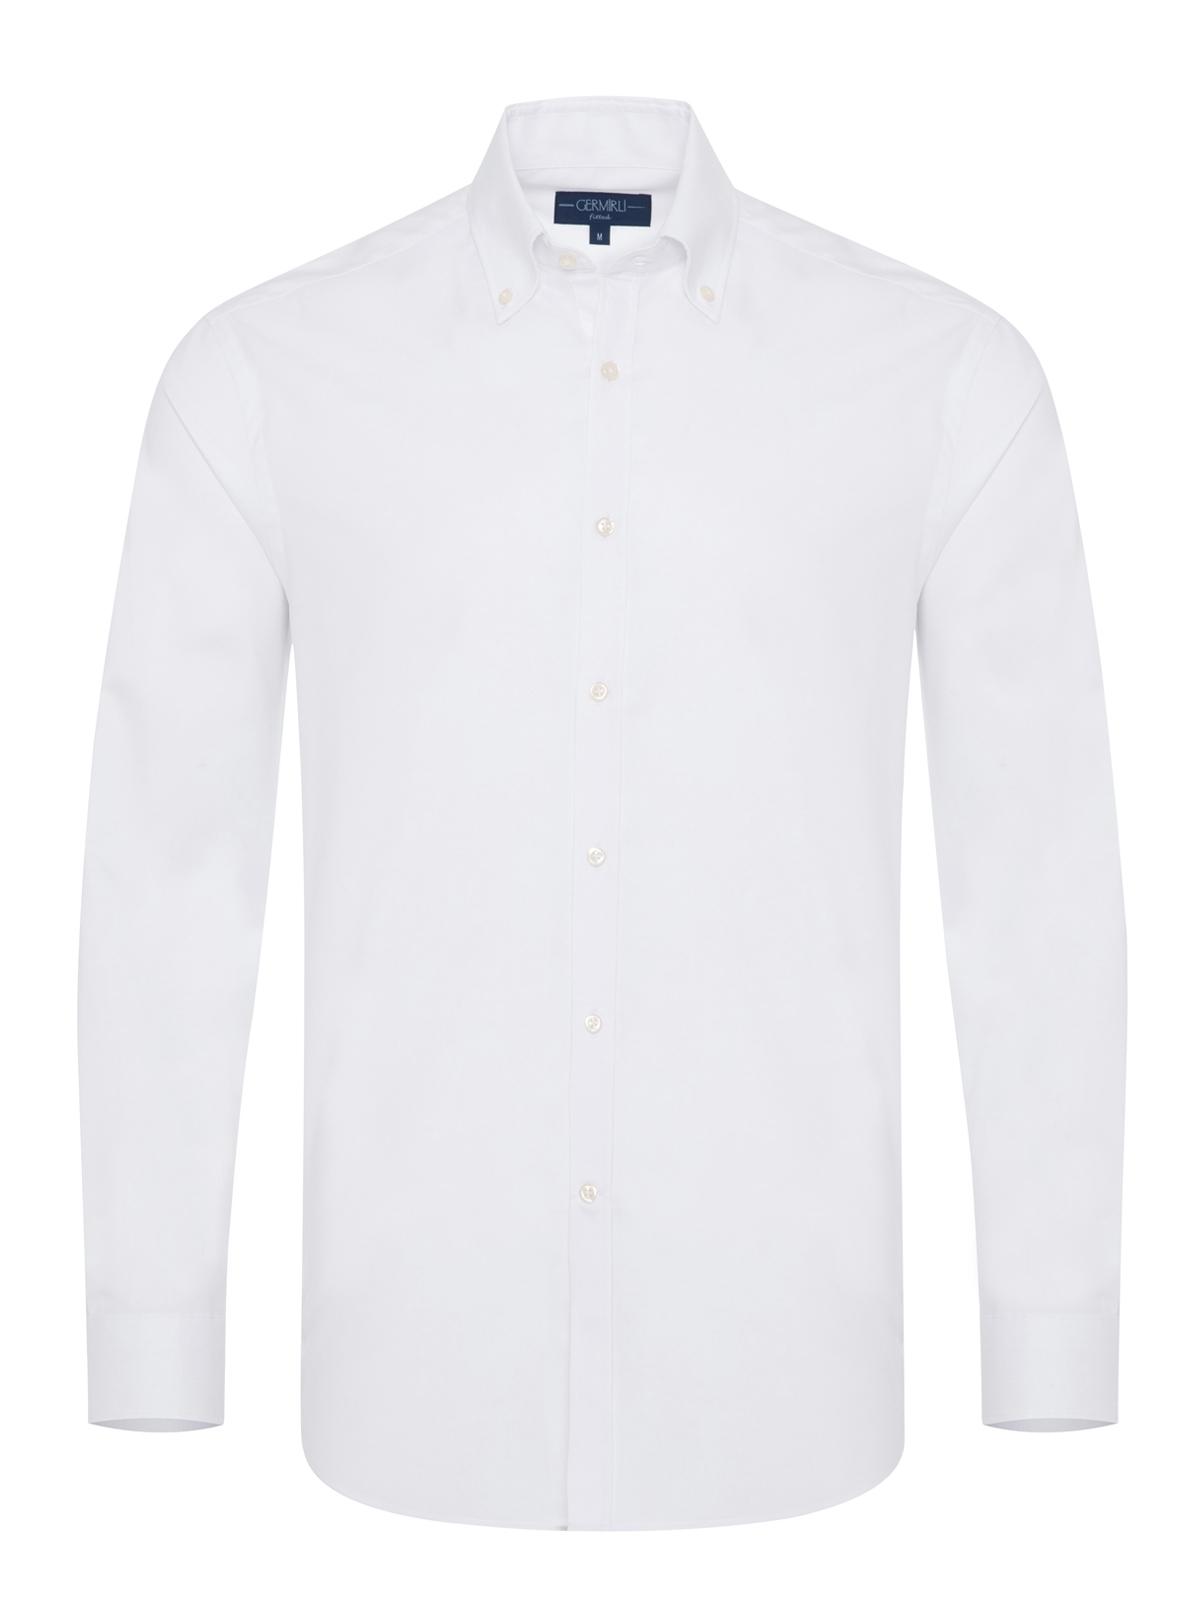 Germirli - Germirli Organik Beyaz Poplin Düğmeli Yaka Tailor Fit Eco Logic Gömlek
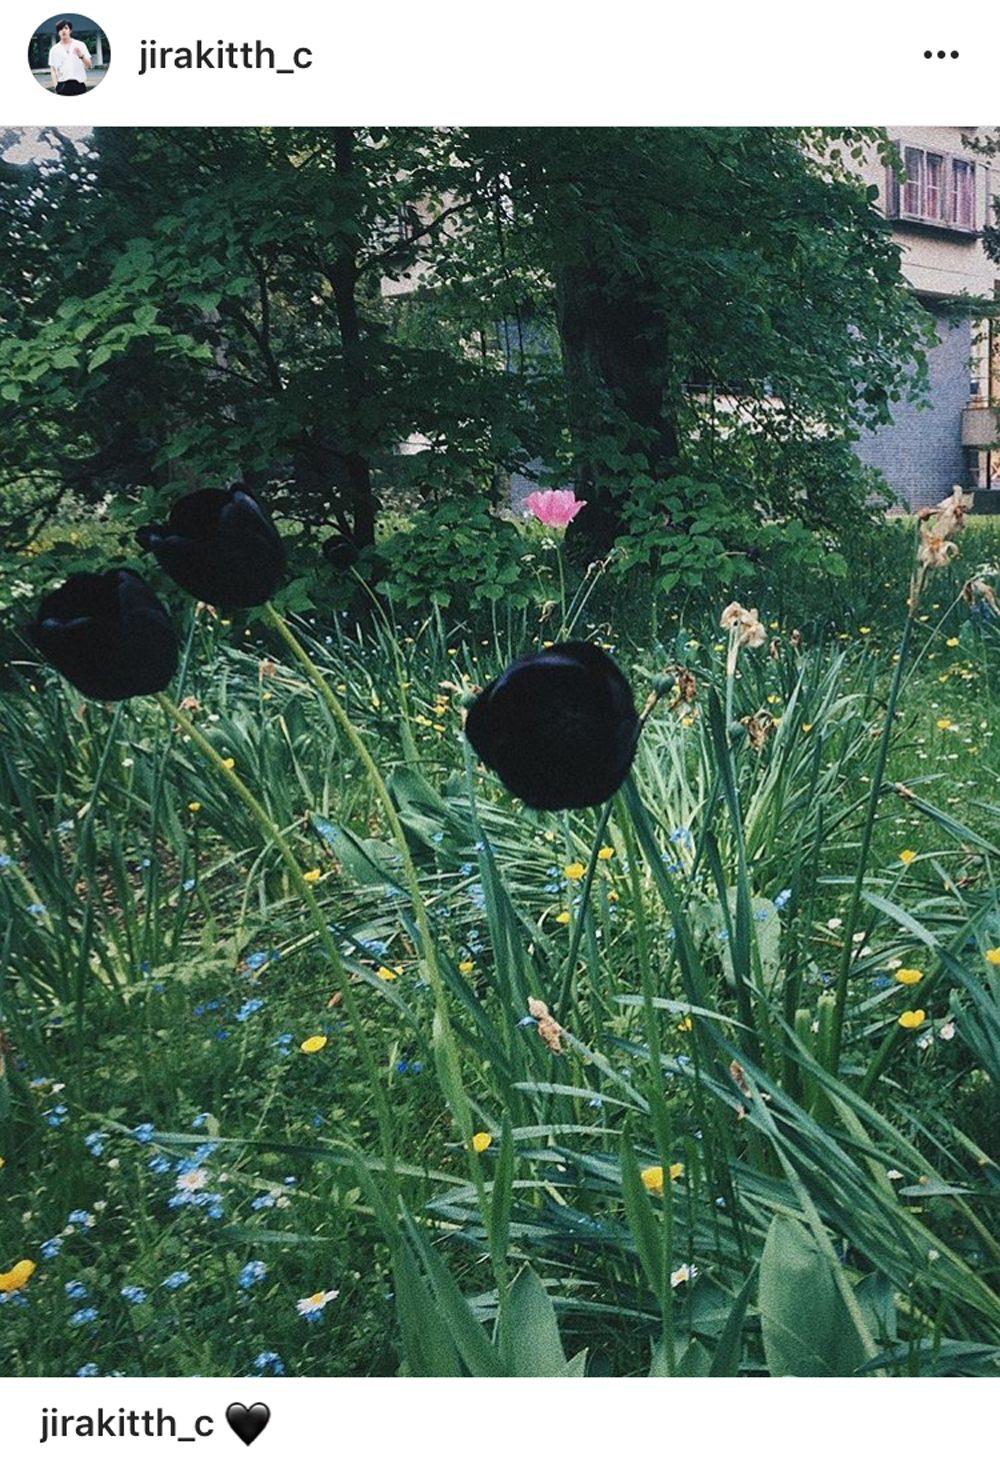 แฟนๆ เข้ามาคอมเม้นท์ส่งกำลังใจโพสต์ดอกไม้สีดำของเมฆ
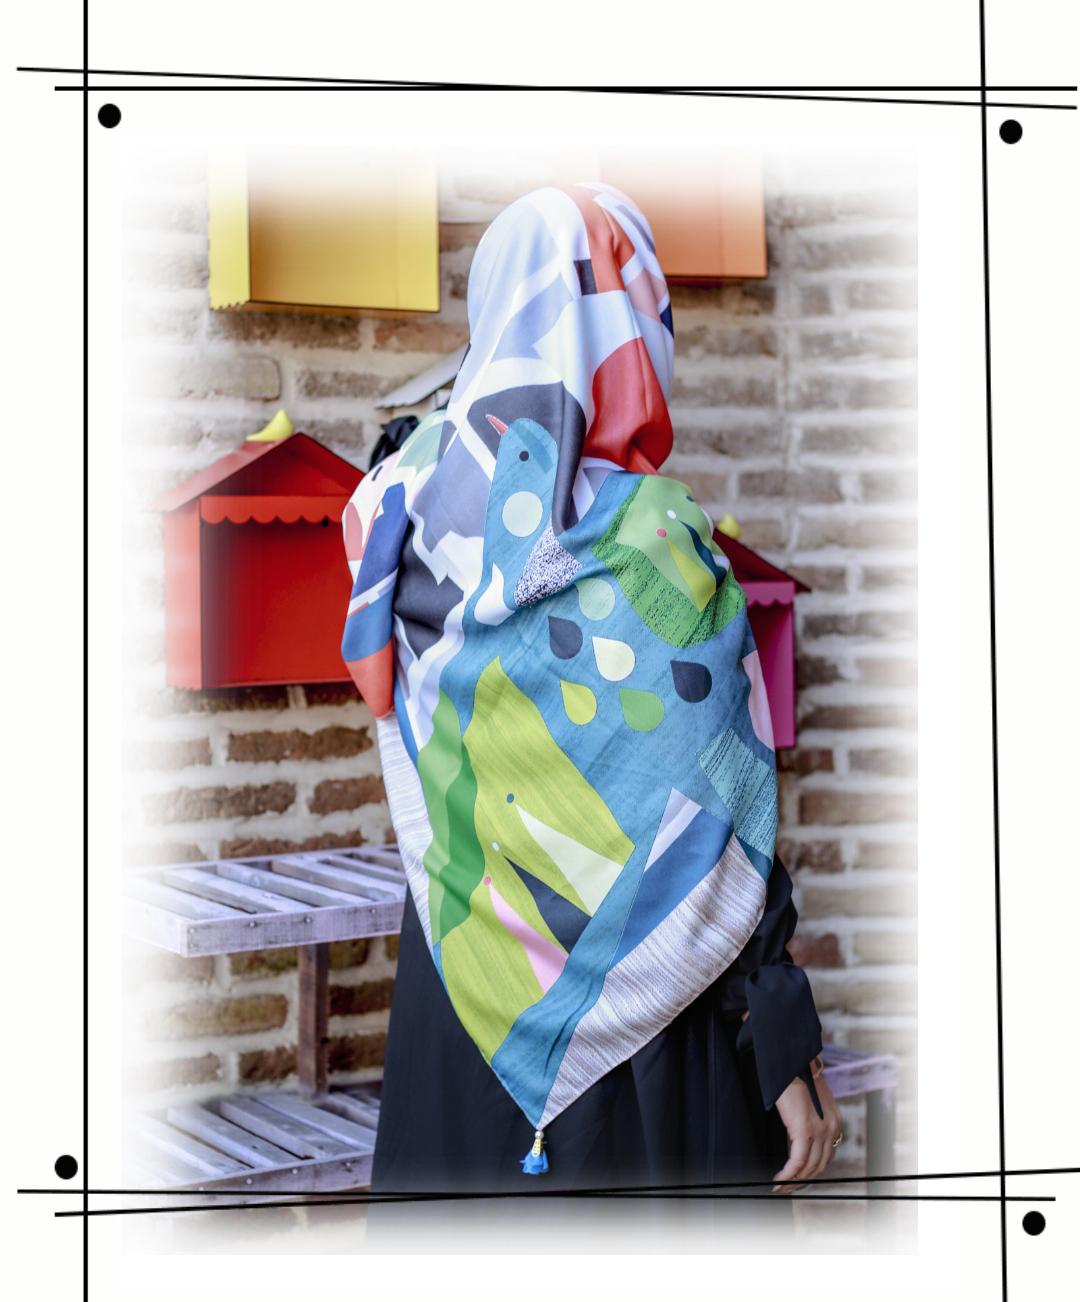 روسری مه دخت با طراحی زیبا و خاص

+++

TRY IT> The lines above should be transcribed exactly, with every image removed.

RESPONSE BOX>
 Germirli - Germirli Organik Beyaz Poplin Düğmeli Yaka Tailor Fit Eco Logic Gömlek
 แฟนๆ เข้ามาคอมเม้นท์ส่งกำลังใจโพสต์ดอกไม้สีดำของเมฆ
 روسری مه دخت با طراحی زیبا و خاص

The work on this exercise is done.